Sinclair David, Saas Myk, Williams Diane, Hart Melanie, Goswami Rajee
Department of Clinical Biochemistry, Queen Alexandra Hospital, Portsmouth, UK.
Clin Lab. 2007;53(3-4):183-91.
The aim of this study was to evaluate a commercially available ELISA assay for anti-nuclear antibodies (ANA) screening in a large routine laboratory setting. The detection of ANA is a commonly requested test by clinicians for patients suspected of rheumatic disease and other connective tissue diseases. Detection is part of the diagnostic criteria of rheumatic diseases such as SLE and can be important for monitoring purposes. ANA screening assays are typically indirect immunofluorescence (IIF), either on rodent tissue or HEp-2 cells; however, these are slow, subjective and laborious. In this study, in a routine serology laboratory setting, 2000 consecutive sera with requests for an ANA screen were tested by ELISA and results compared to those obtained by immunofluorescence. From these results we established an ANA ratio cut-off protocol to guide further action, a second series of 7000 samples was studied to assess the efficacy of this. Results show that the ANA ELISA can successfully replace IIF for the detection of clinically significant antibodies.
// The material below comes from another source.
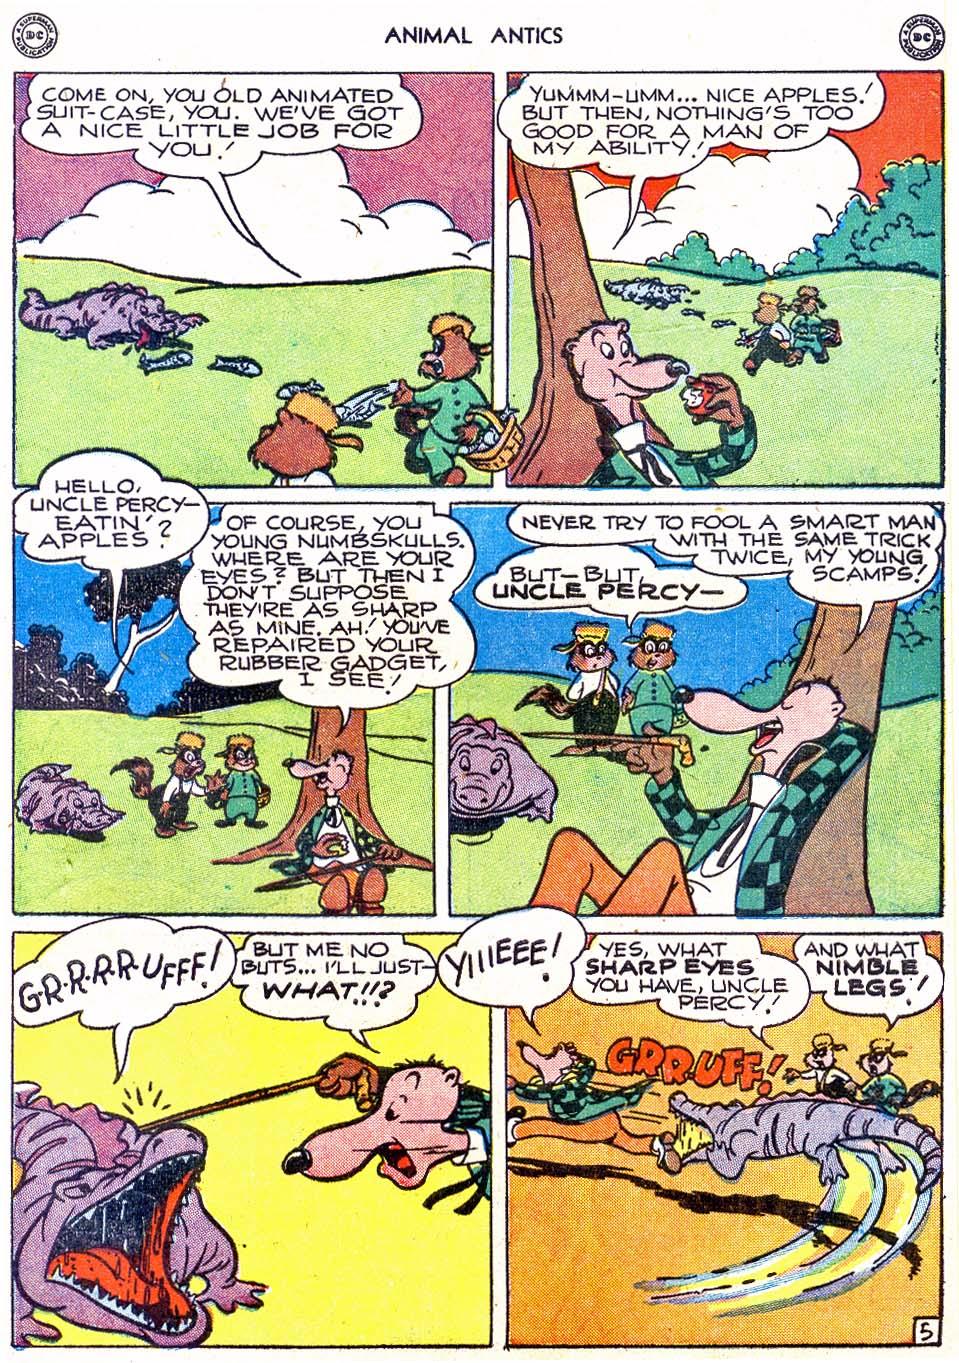 Read online Animal Antics comic -  Issue #4 - 49

本研究的目的是在大型常规实验室环境中评估一种用于抗核抗体(ANA)筛查的市售酶联免疫吸附测定(ELISA)。ANA检测是临床医生对疑似患有风湿性疾病和其他结缔组织疾病的患者常用的检测项目。ANA检测是系统性红斑狼疮等风湿性疾病诊断标准的一部分,对于监测病情也很重要。ANA筛查检测通常采用间接免疫荧光法(IIF),检测对象为啮齿动物组织或人喉表皮癌细胞(HEp-2细胞);然而,这些方法耗时、主观且费力。在本研究中,在常规血清学实验室环境下,对2000份连续送检要求进行ANA筛查的血清样本采用ELISA法进行检测,并将结果与免疫荧光法的检测结果进行比较。根据这些结果,我们制定了一个ANA比值临界值方案以指导后续操作,并对另外7000份样本进行了研究,以评估该方案的有效性。结果表明,ANA ELISA能够成功替代IIF用于检测具有临床意义的抗体。